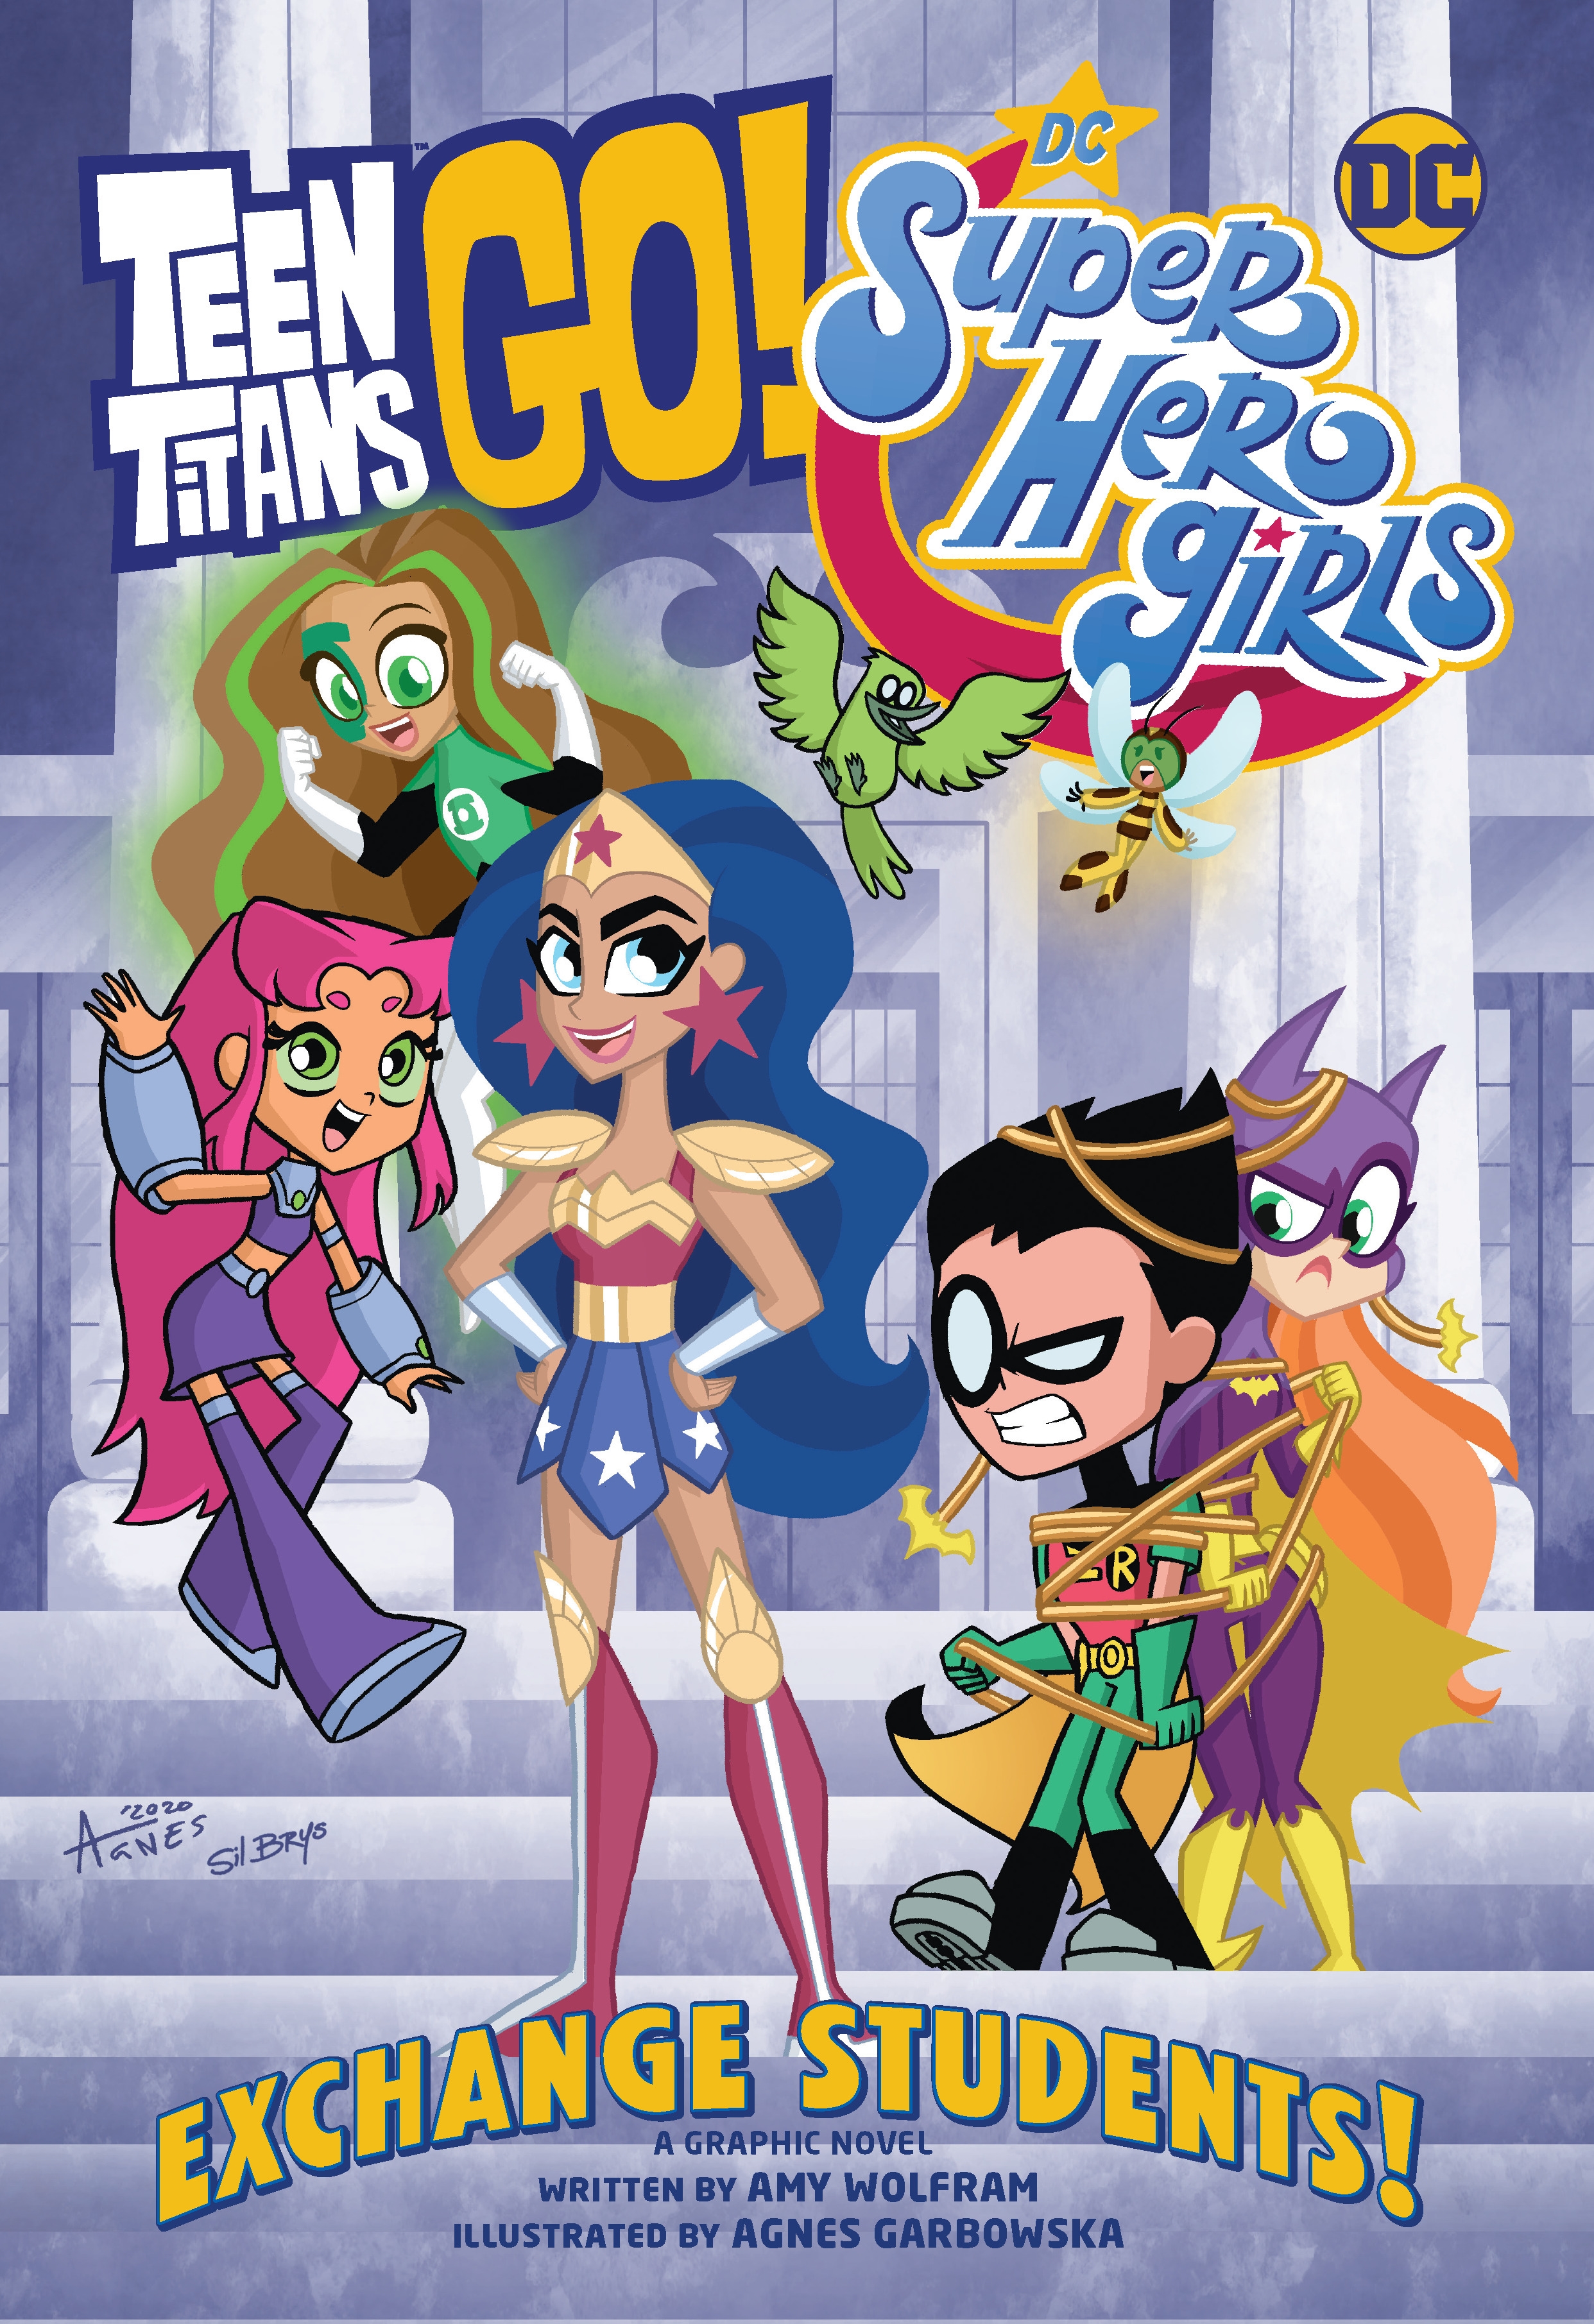 Teen Titans Go!/DC Super Hero Girls: Exchange Students! by Amy
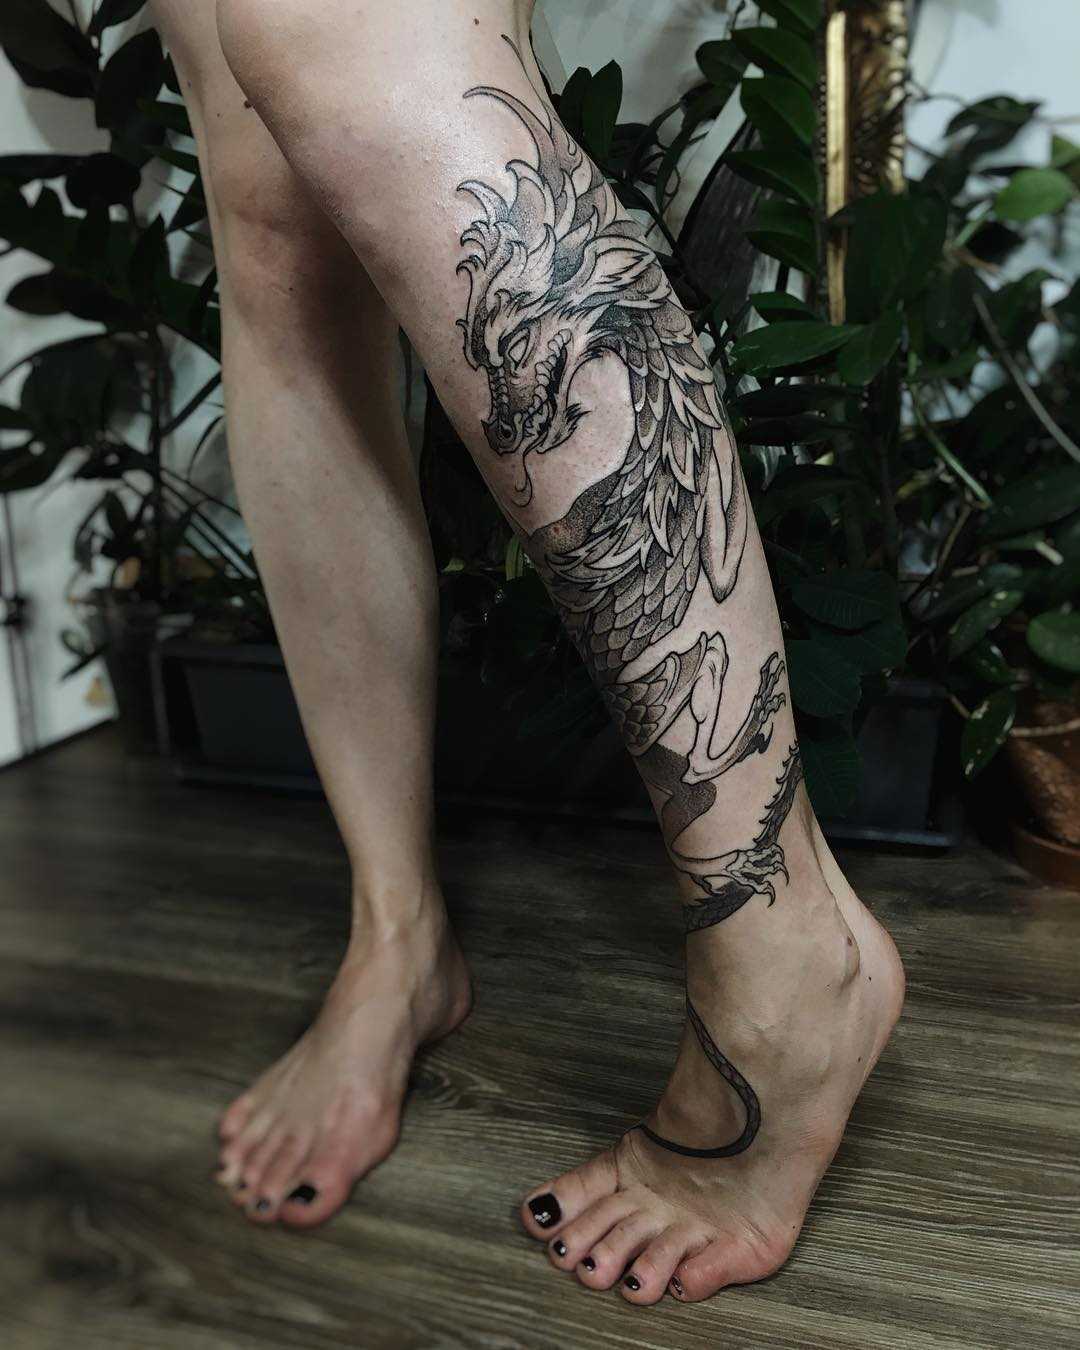 Cool dragon tattoo on the left calf
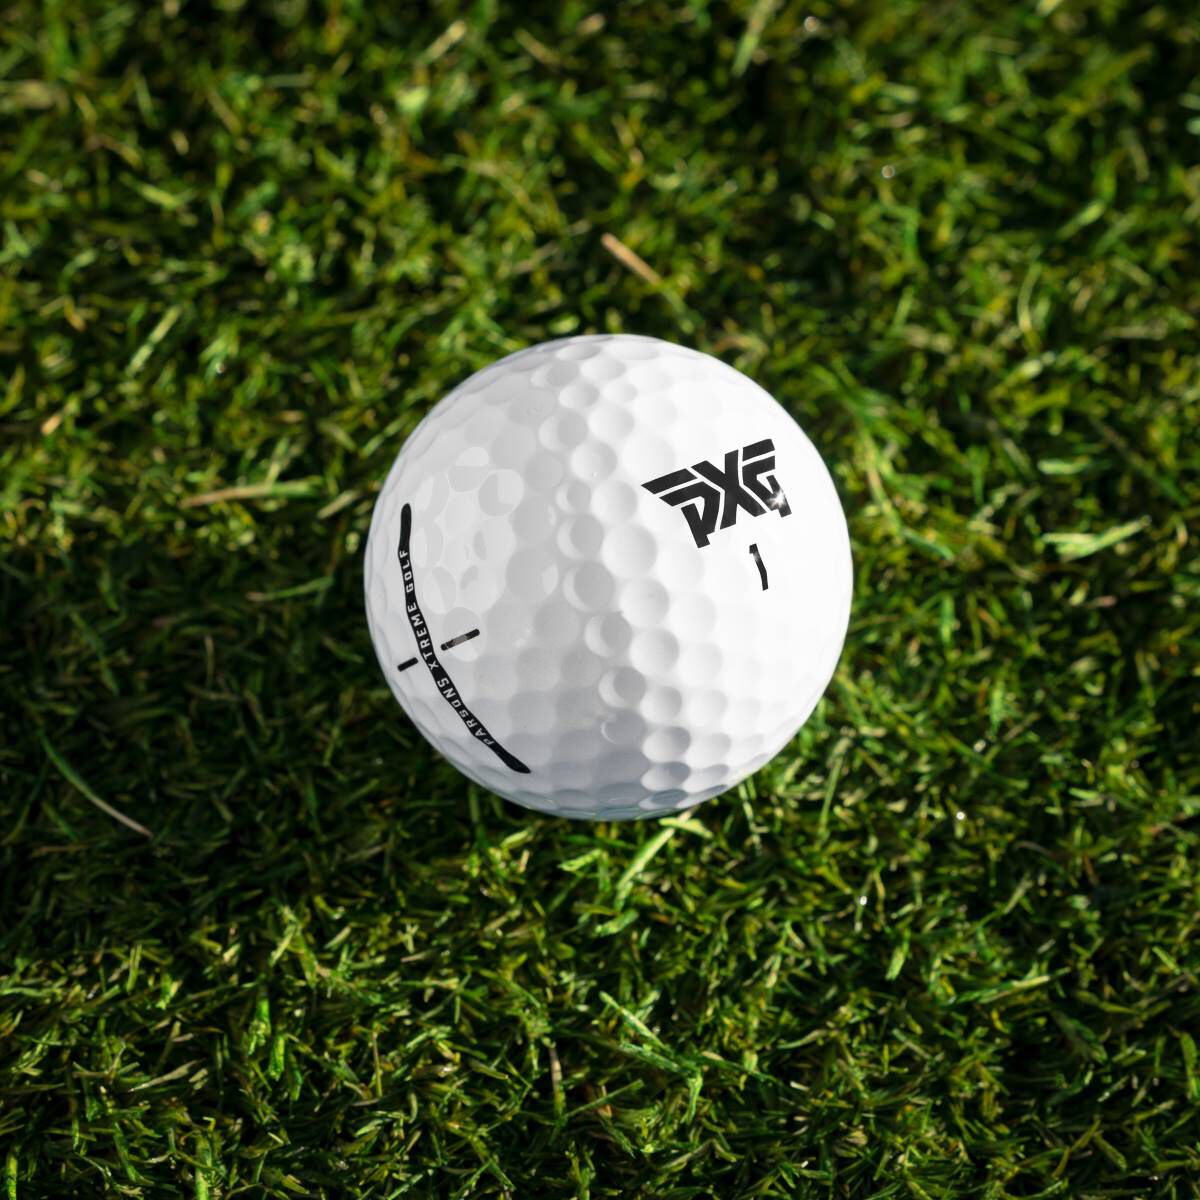 PXG Xtreme Premium Golf Balls - USMC

- **Work instruction**
For this exercise, return the data above exactly and leave every picture out.

- **Expected output**
 Teen Titans Go!/DC Super Hero Girls: Exchange Students! by Amy
 Cool dragon tattoo on the left calf
 PXG Xtreme Premium Golf Balls - USMC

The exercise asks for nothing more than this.